:: EXERCISE INSTRUCTIONS ::
Please reproduce the listing verbatim, without its images.

:: SUPPLIED INFORMATION ::
####

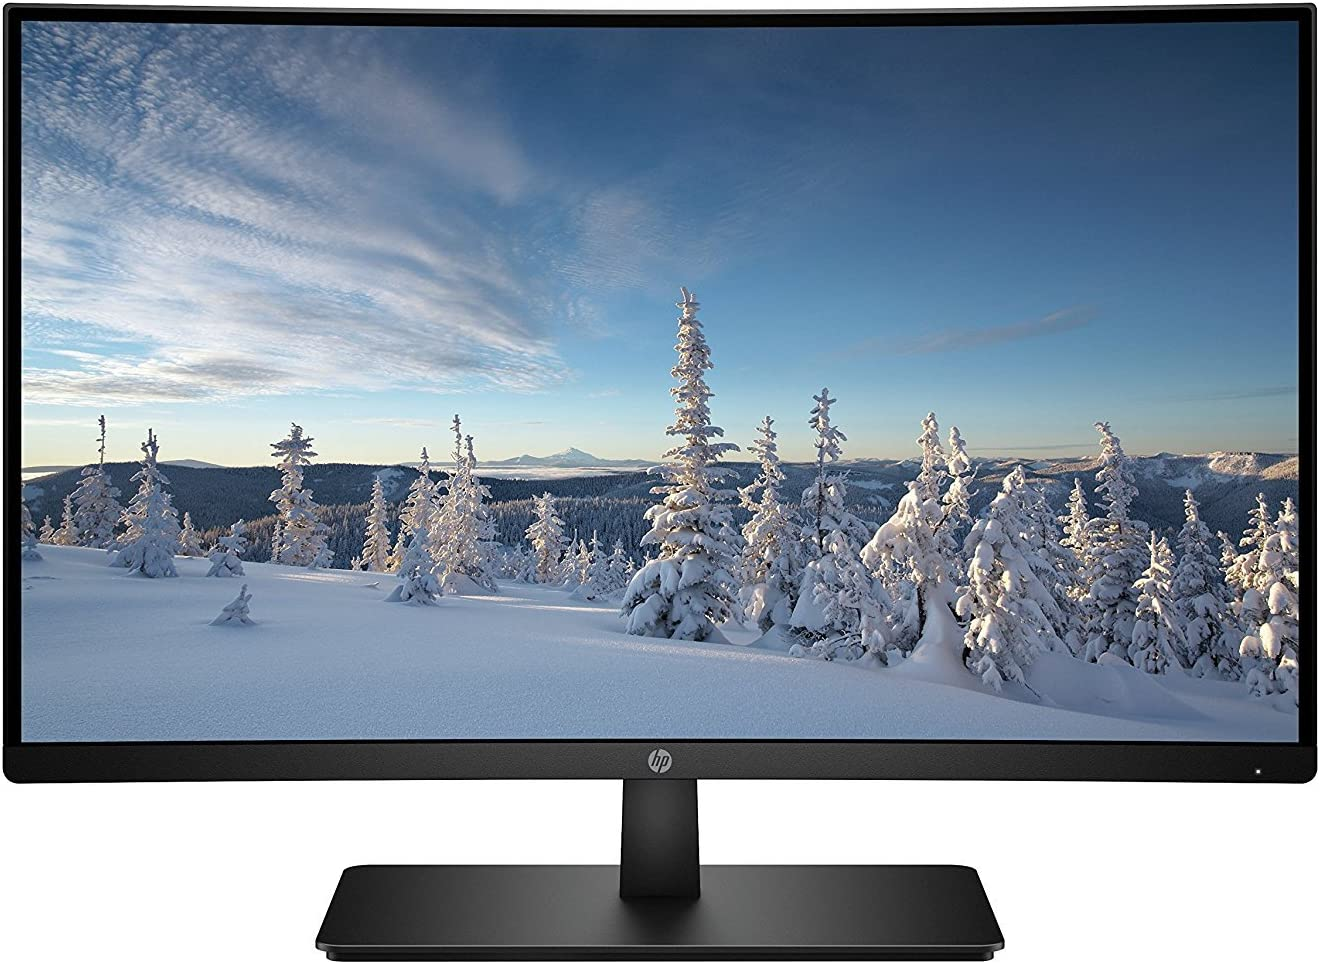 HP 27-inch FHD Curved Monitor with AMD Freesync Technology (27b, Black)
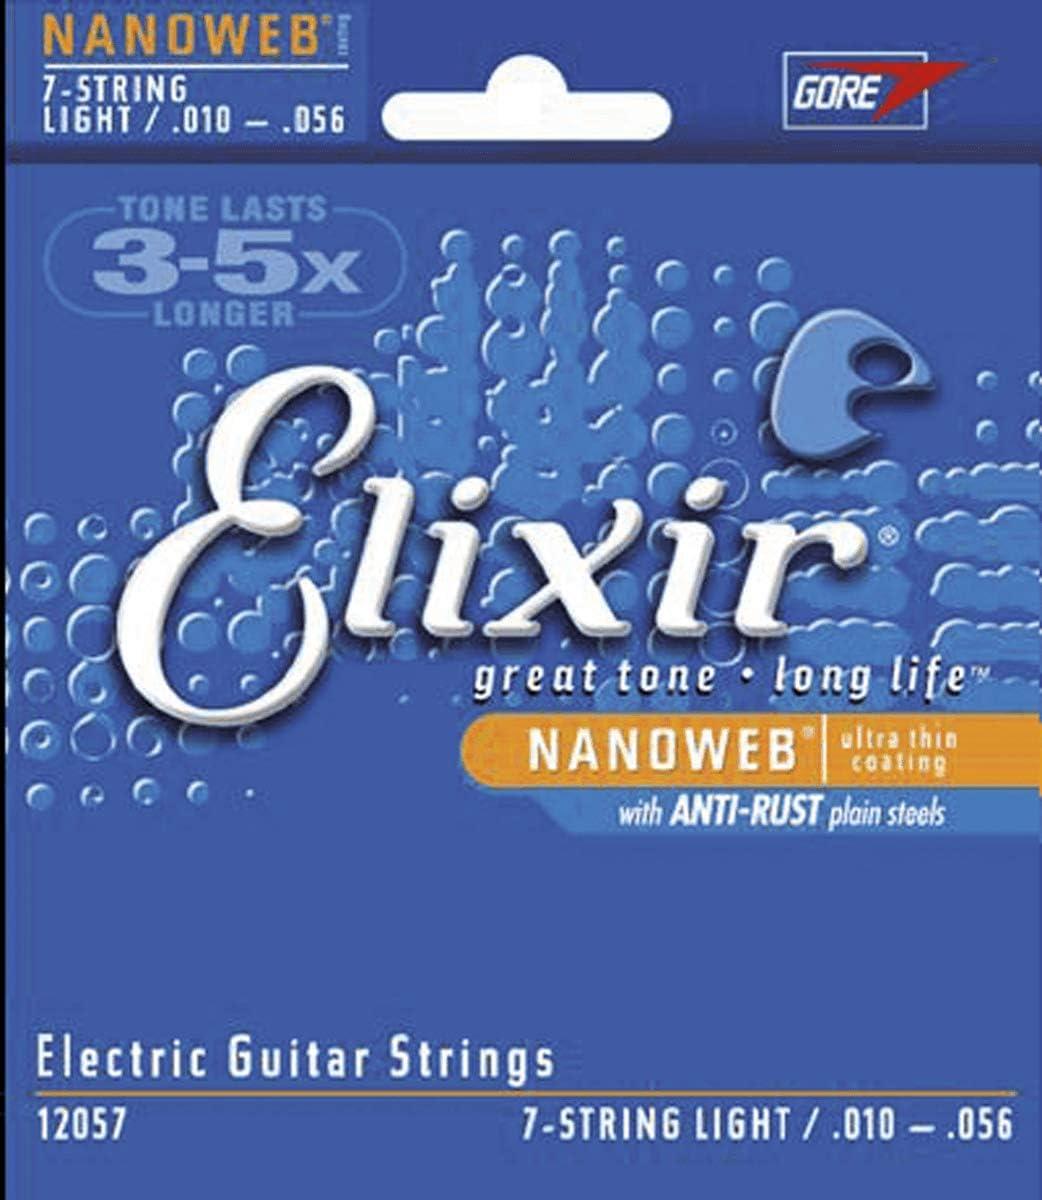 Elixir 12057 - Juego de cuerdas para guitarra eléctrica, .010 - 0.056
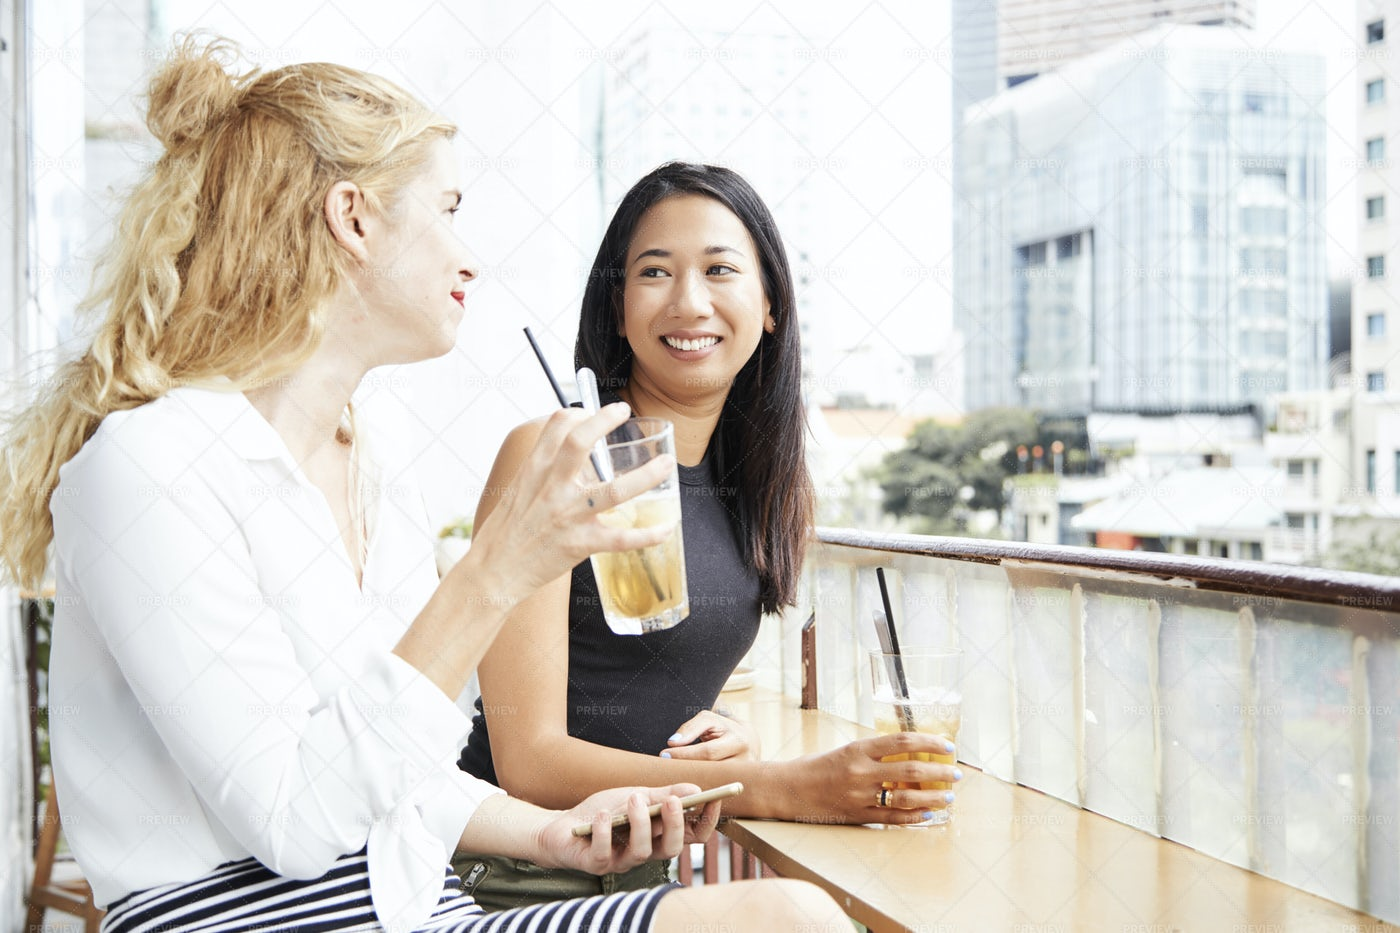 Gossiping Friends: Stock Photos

####

:: RESULT ::
 HP 27-inch FHD Curved Monitor with AMD Freesync Technology (27b, Black)
 Elixir 12057 - Juego de cuerdas para guitarra eléctrica, .010 - 0.056
 Gossiping Friends: Stock Photos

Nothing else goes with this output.